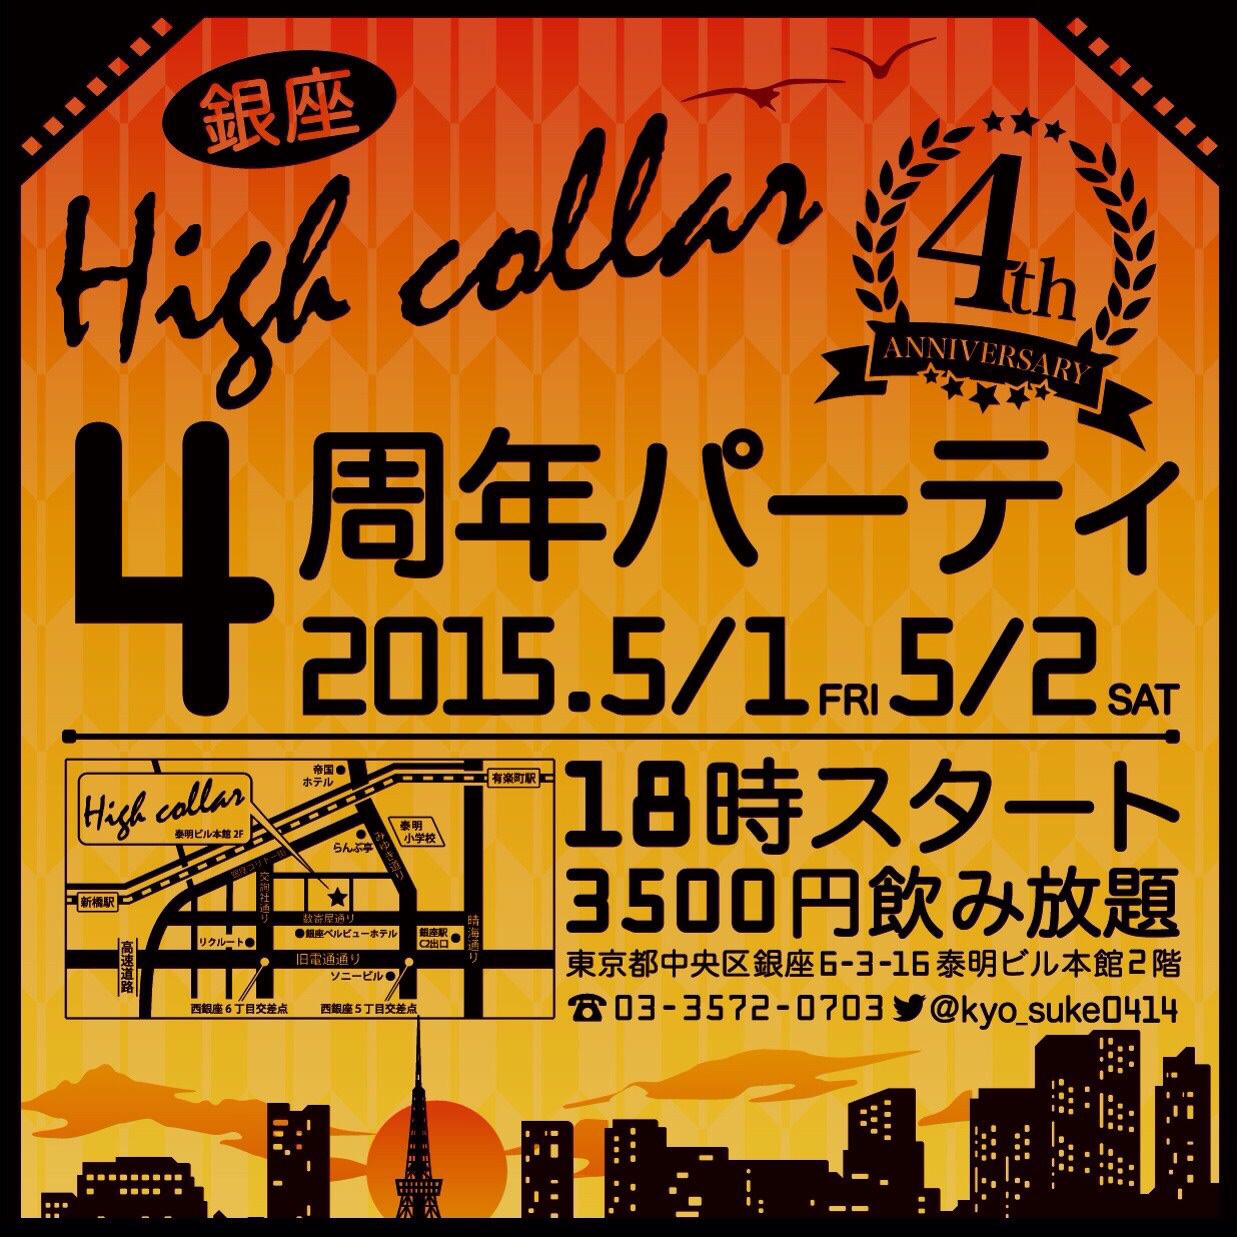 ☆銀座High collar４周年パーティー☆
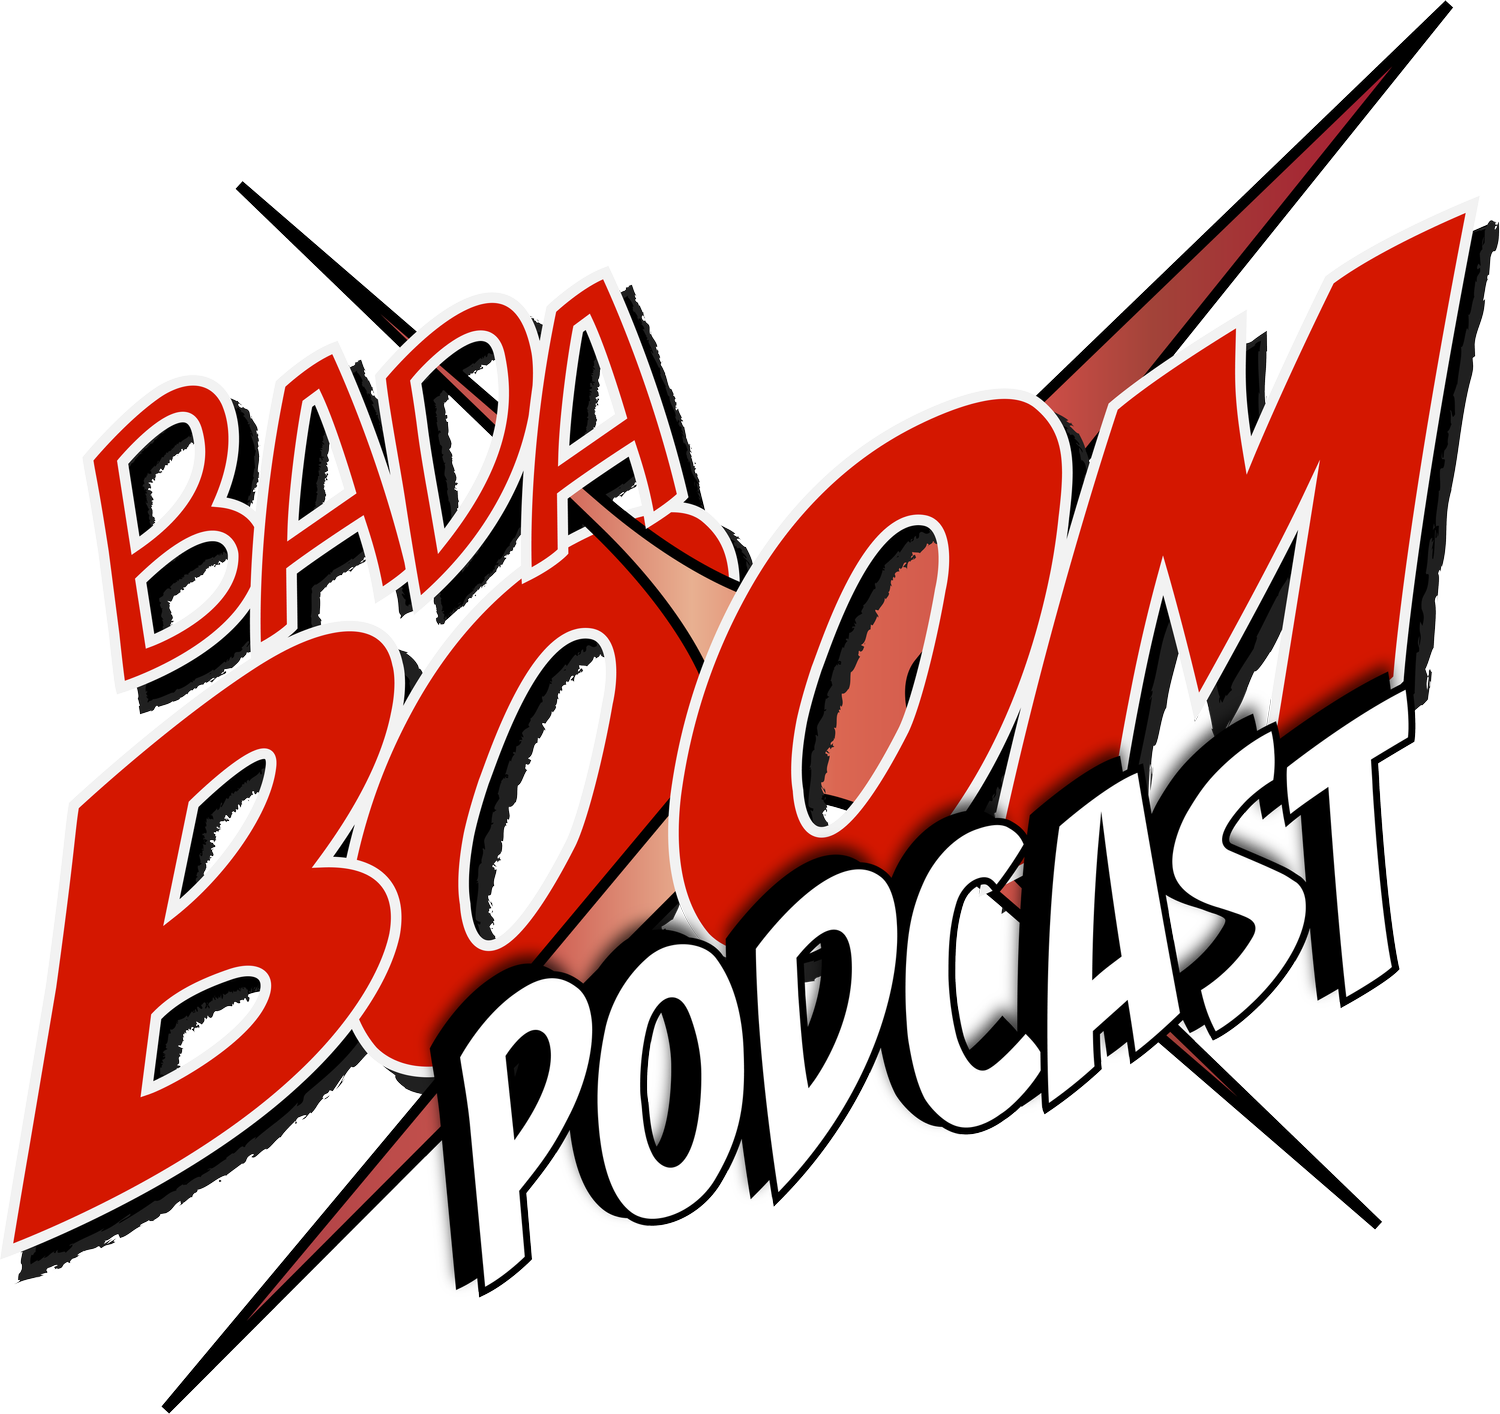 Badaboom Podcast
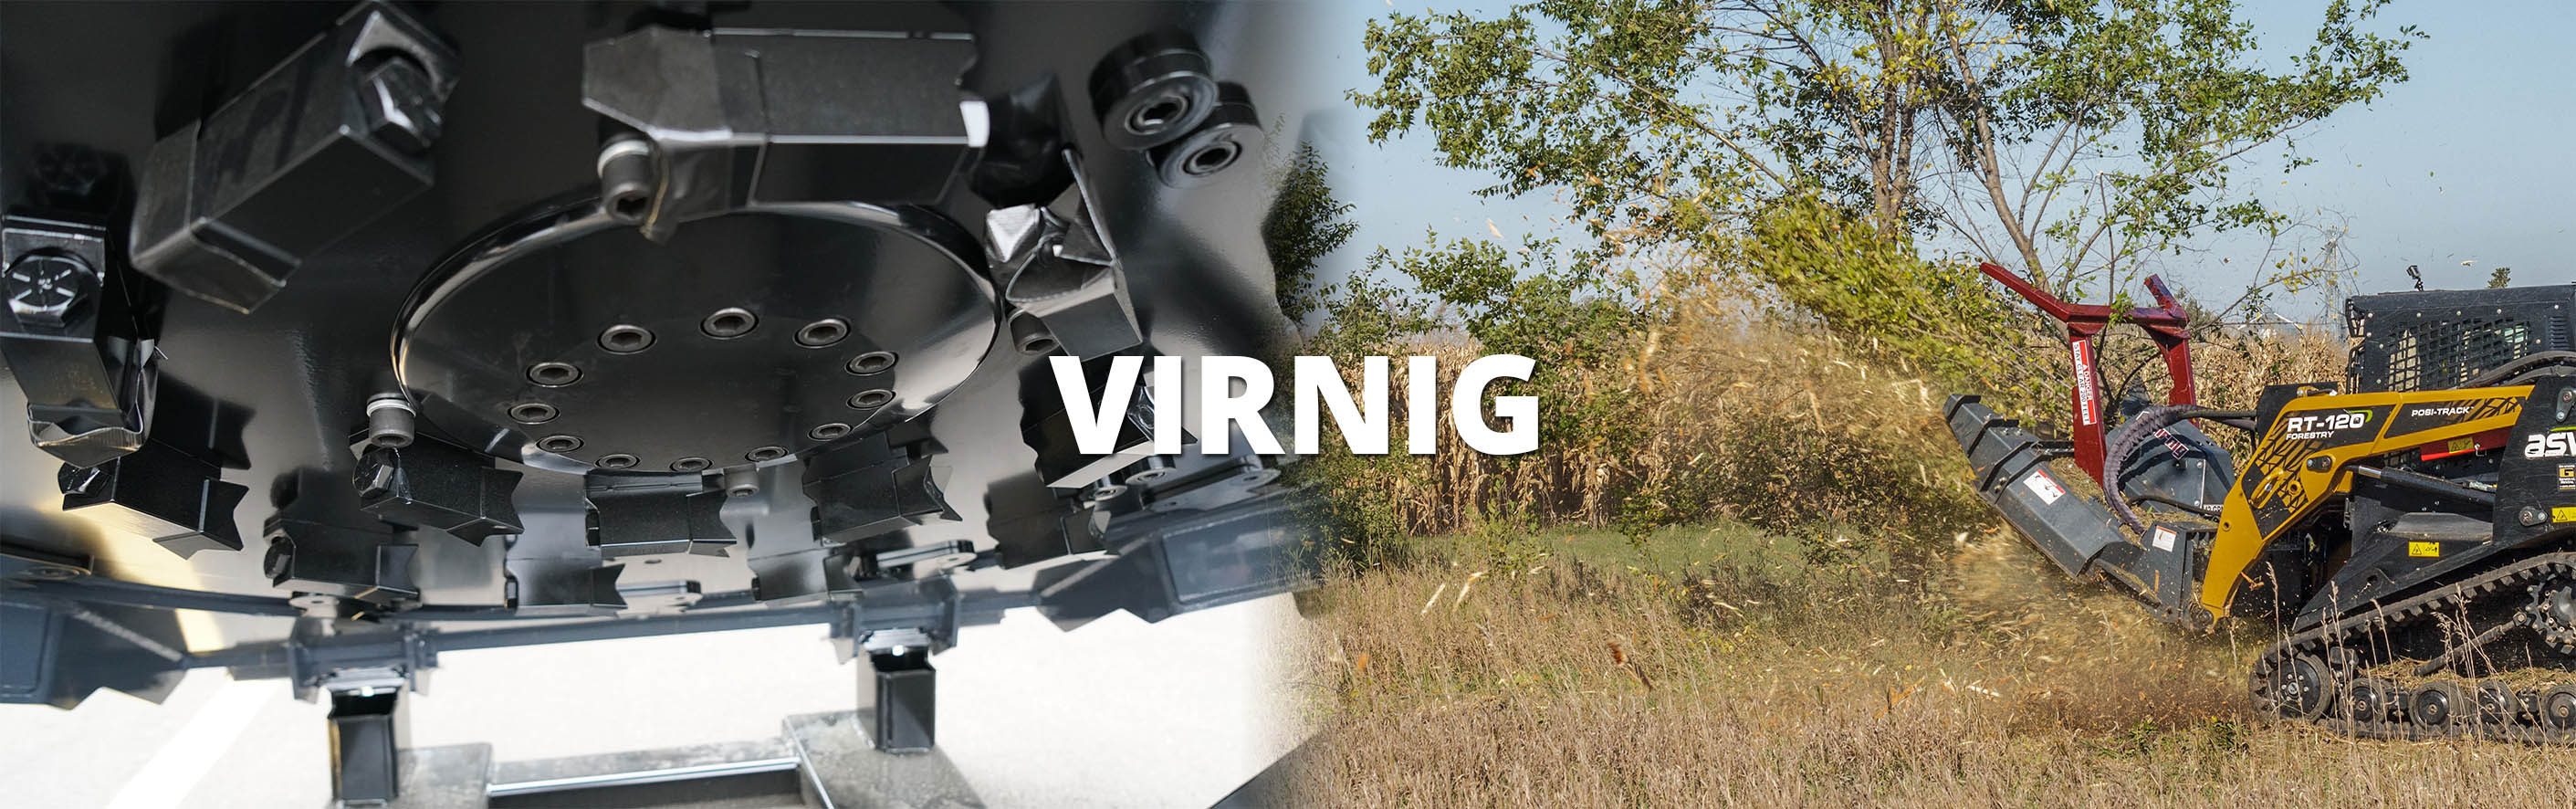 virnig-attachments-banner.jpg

■ What is expected
Apart from its pictures, the data is to be repeated exactly.

■ Solution to this task
 ☆銀座High collar４周年パーティー☆
 Badaboom Podcast
 virnig-attachments-banner.jpg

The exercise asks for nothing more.